## RECORDS FOR THE EXERCISE
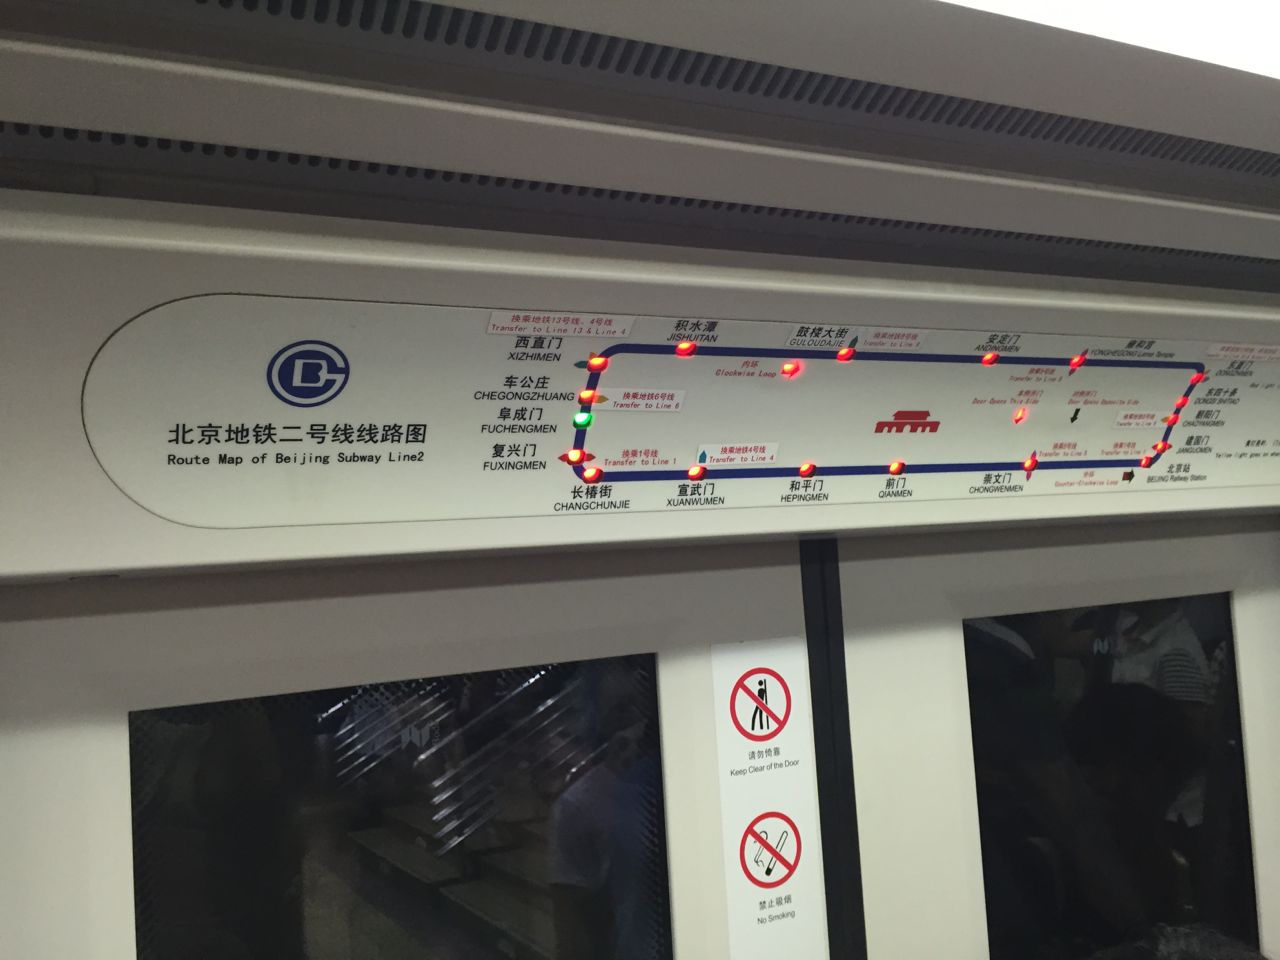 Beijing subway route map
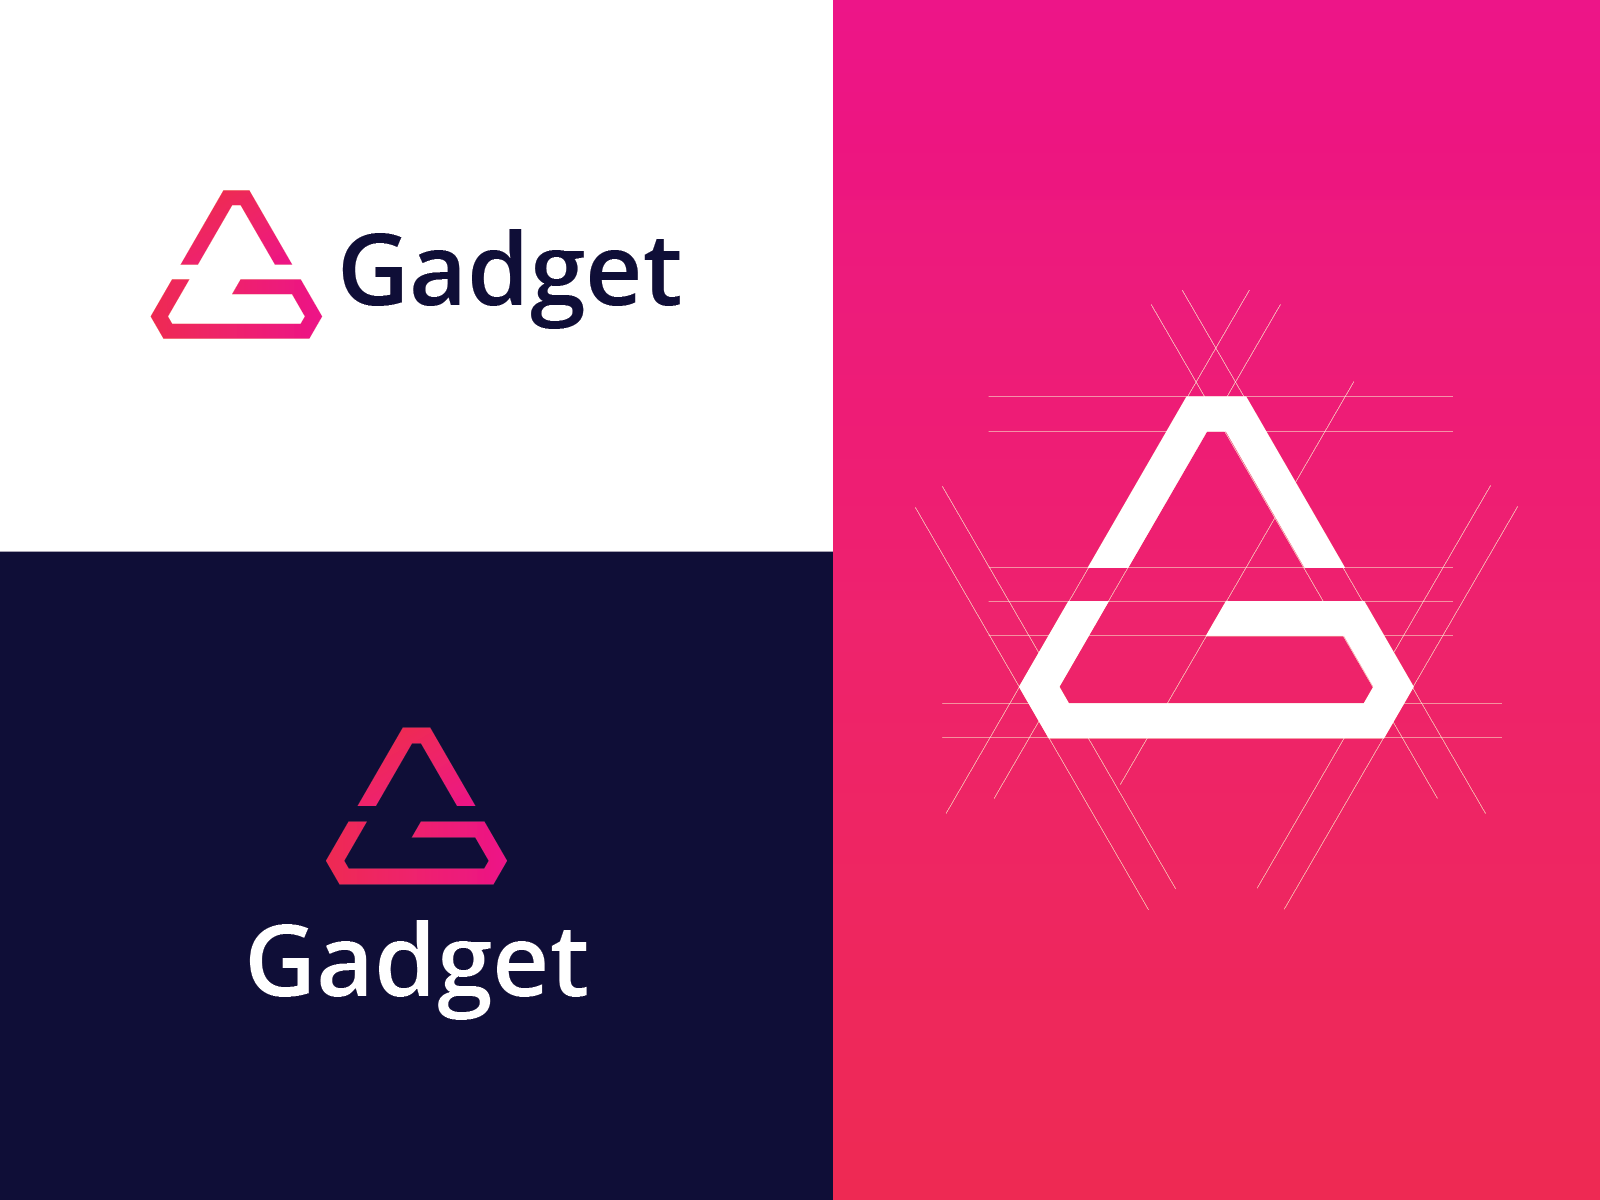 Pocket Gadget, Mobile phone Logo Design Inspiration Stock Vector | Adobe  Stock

* * *

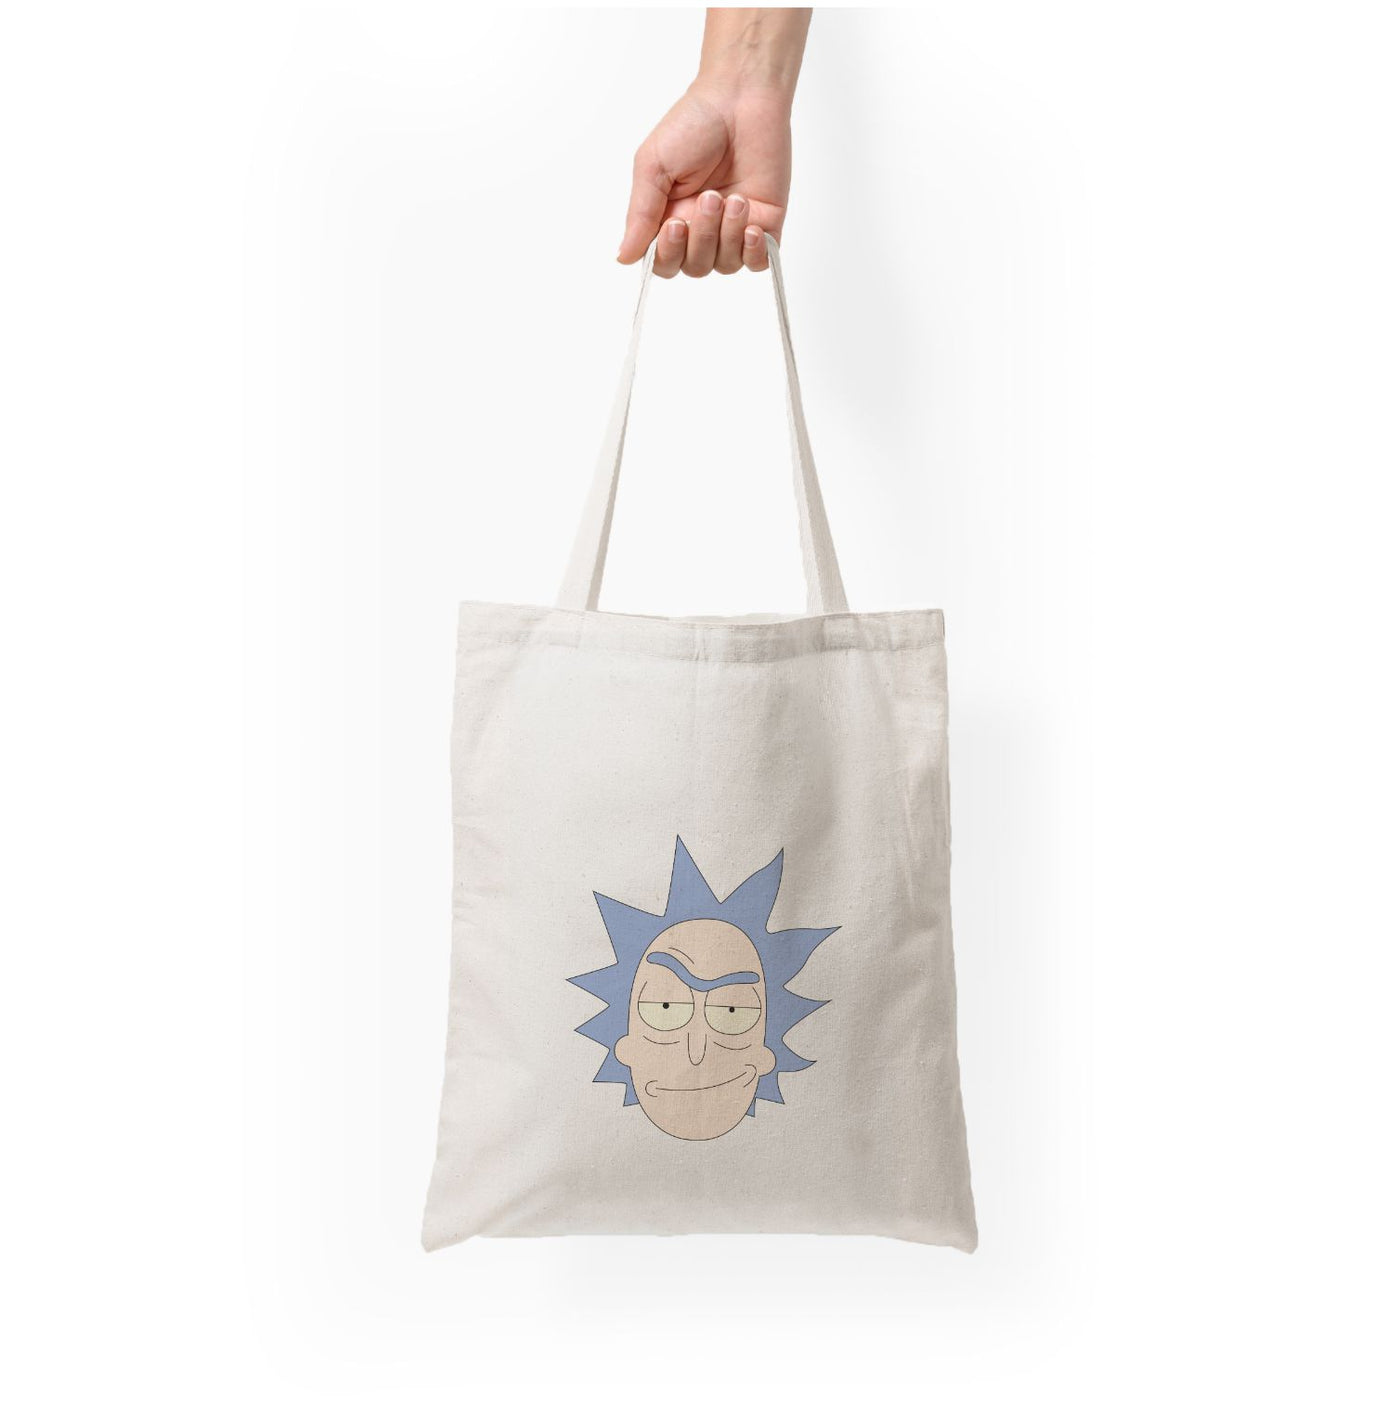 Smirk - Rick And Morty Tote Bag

...

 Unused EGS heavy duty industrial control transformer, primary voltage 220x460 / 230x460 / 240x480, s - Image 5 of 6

## THE TASK
Range to copy from the listing above: the line with "Beijing subway route map" through the line with "Pocket Gadget, Mobile". Transcribe it exactly and skip the pictures.

## ANSWER BOX
 Beijing subway route map
 Pocket Gadget, Mobile phone Logo Design Inspiration Stock Vector | Adobe  Stock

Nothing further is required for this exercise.